Hair loss is the problem with many solutions, in part because the causes and people it affects are so numerous. Smart patient-consumers consider all options.


The mid-career male pattern hair loss patient is accustomed to comparison shopping for everything from cars to cans of beans. His boss, age 50 and seeing her hair generally thinning all over, is perplexed with her situation and knows no other women who have this problem. And the guy in IT, fresh out of college, thinks he’s too young to face getting bald like so many others in his family.


The blessing each of them has is that hair restoration solutions are in more abundant supply than ever before. Surgical solutions get a lot of attention, and for some they are the ideal (if expensive) option. But for many other people, non-surgical solutions might be a better choice.

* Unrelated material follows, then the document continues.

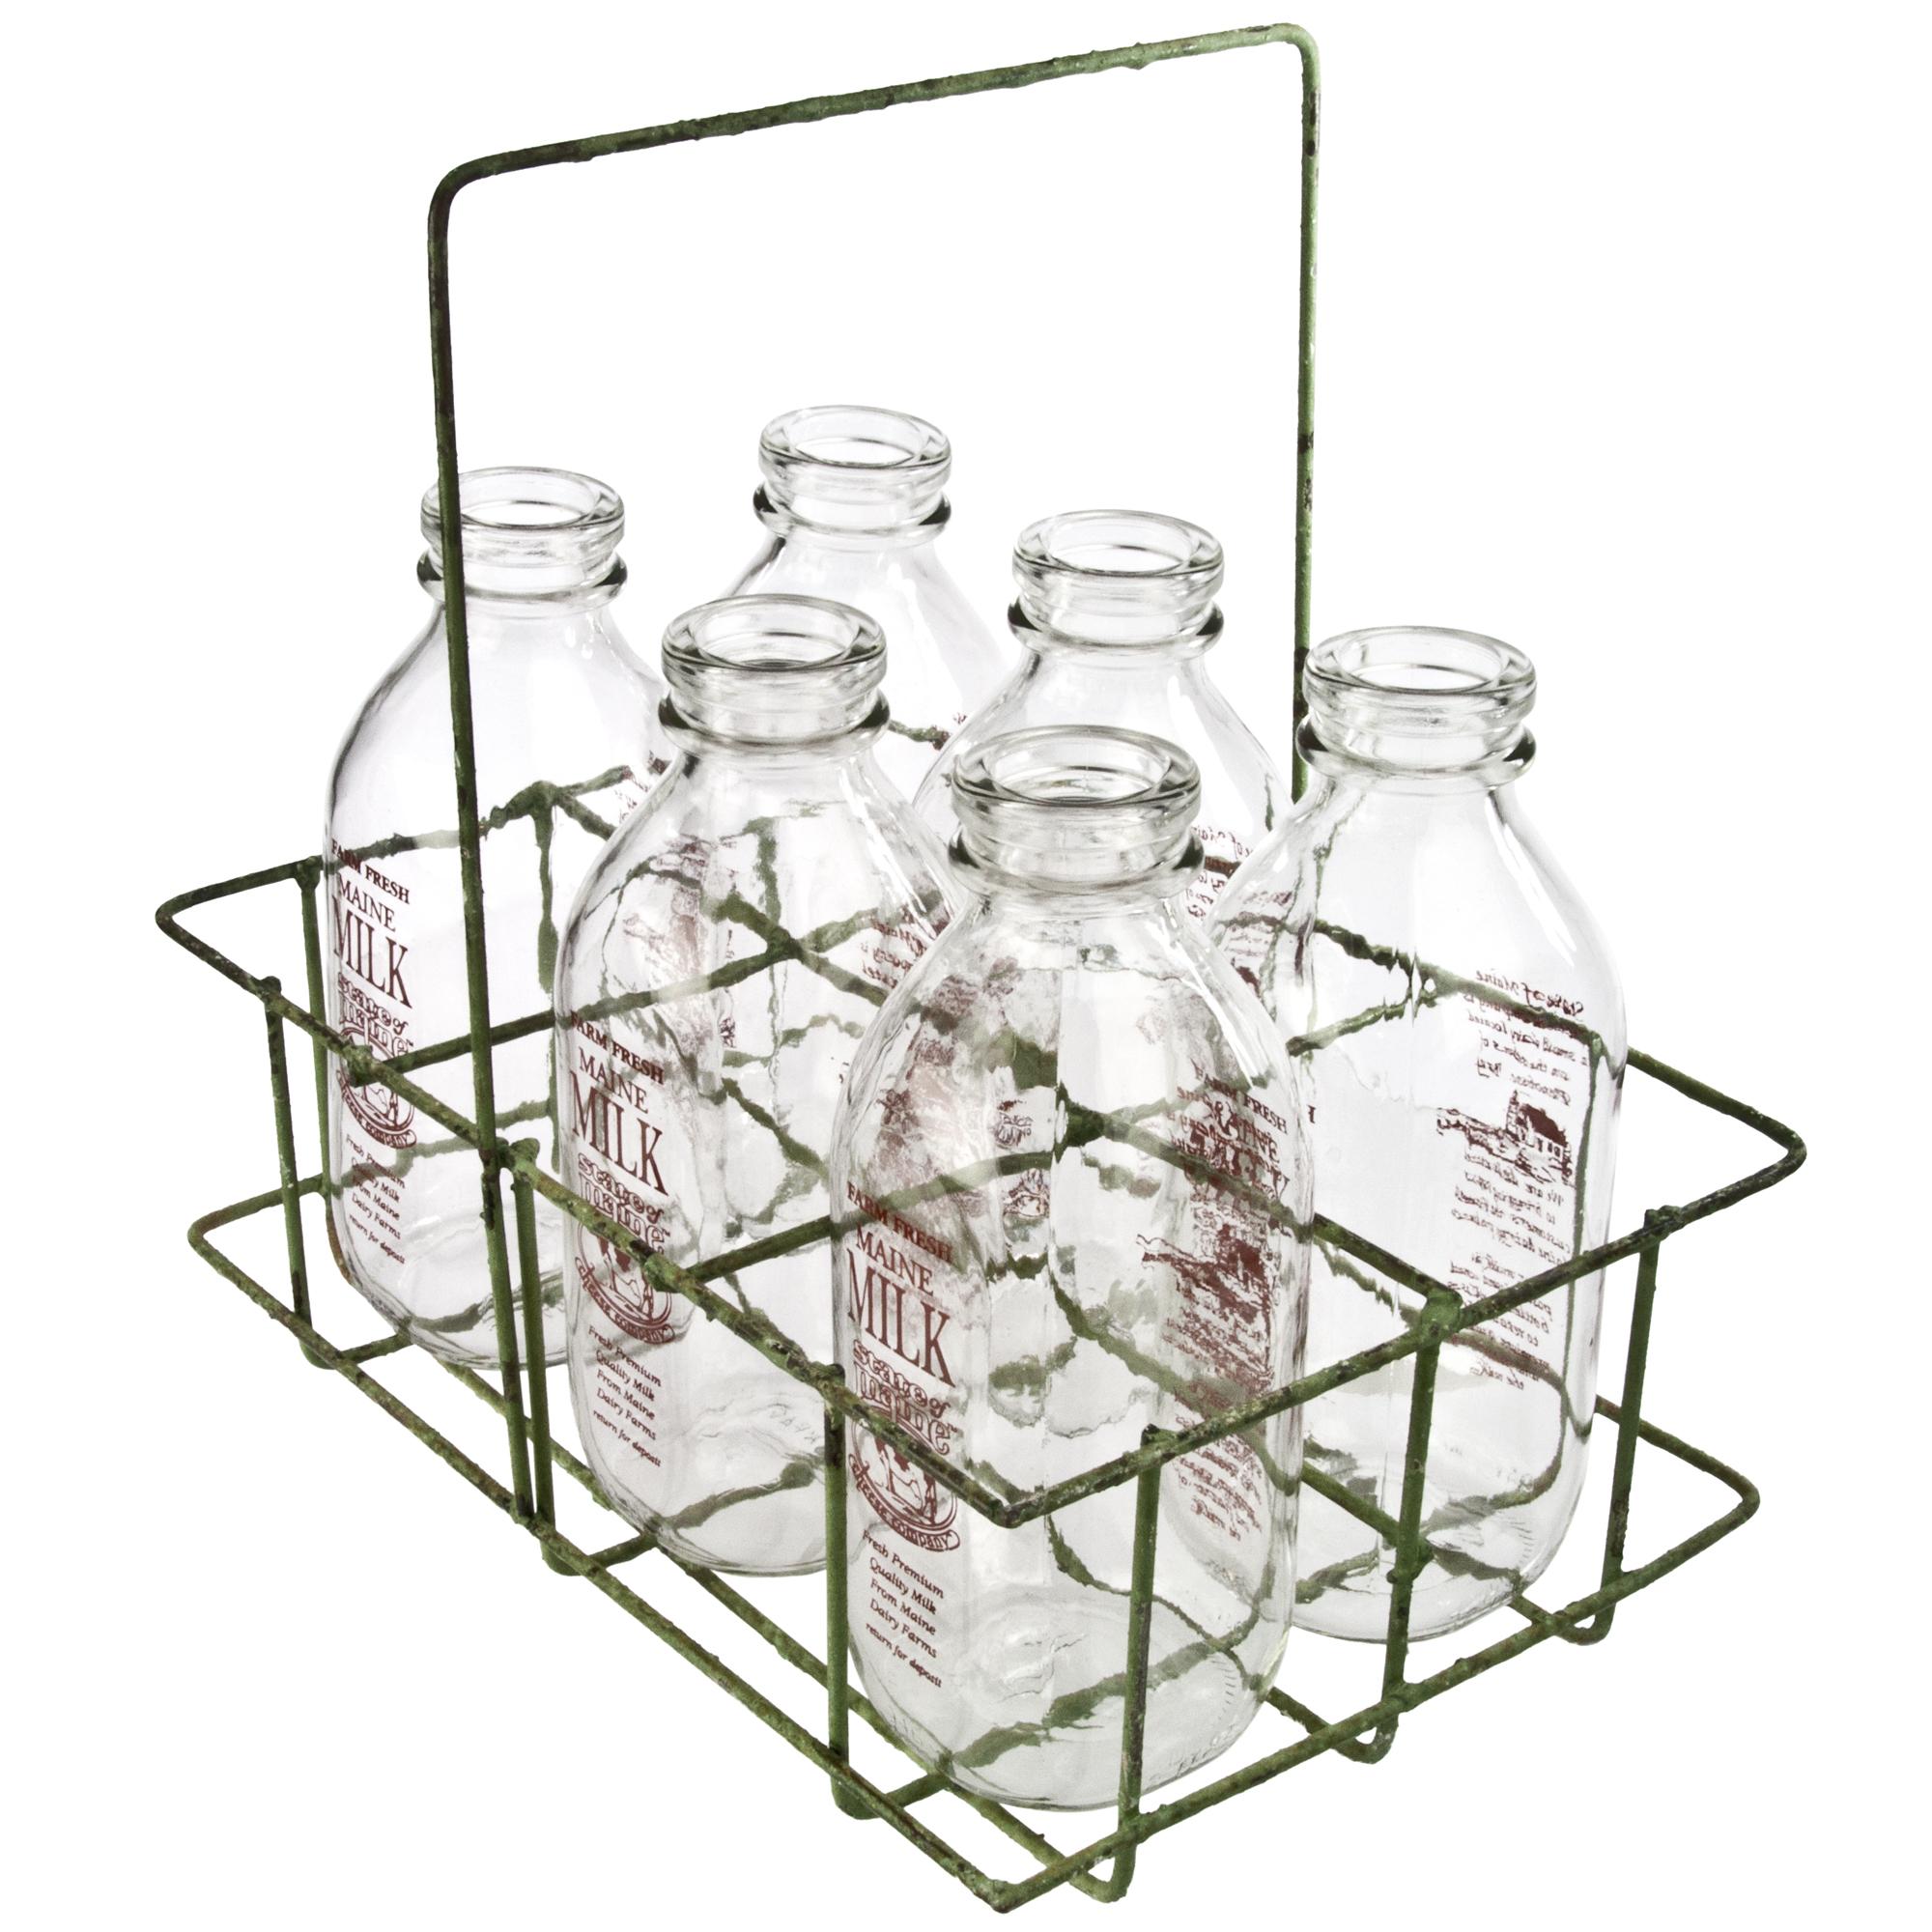 vintage wire milk bottle carrier bottles chairish. Black Bedroom Furniture Sets. Home Design Ideas
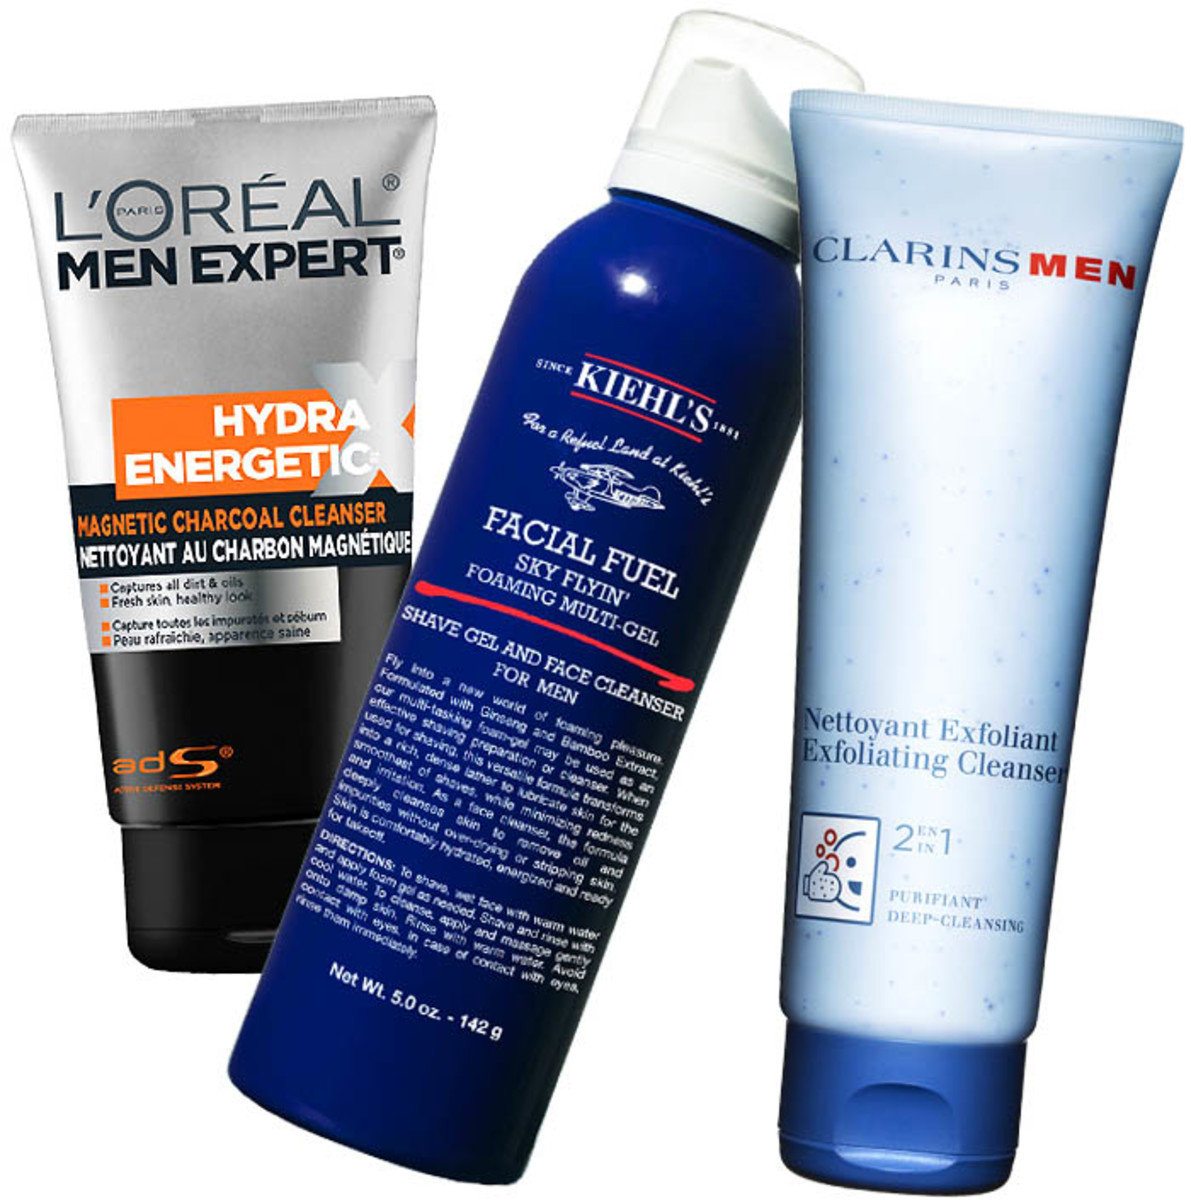 Father's Day_L'Oreal Paris Men Expert Charcoal Cleanser_Kiehl's Facial Fuel Foaming Multi Gel_Clarins Men Exfoliating Cleanser

What are those non-surgical solutions? Some are proven and approved by the US Food and Drug Administration (FDA). Others don’t fall under the FDA, as they don’t need to be, and are considered safe but experimental. The major non-surgical solutions are in four categories:


Topical, FDA approved: Minoxidil, sold under the brand name Rogaine (including Rogaine Women’s), is a foam treatment derived from a common prescriptive treatment for high blood pressure. Requiring a daily application, it works best for people in the early phase of hair loss. Importantly, it poses no danger to women who are pregnant and their developing fetuses.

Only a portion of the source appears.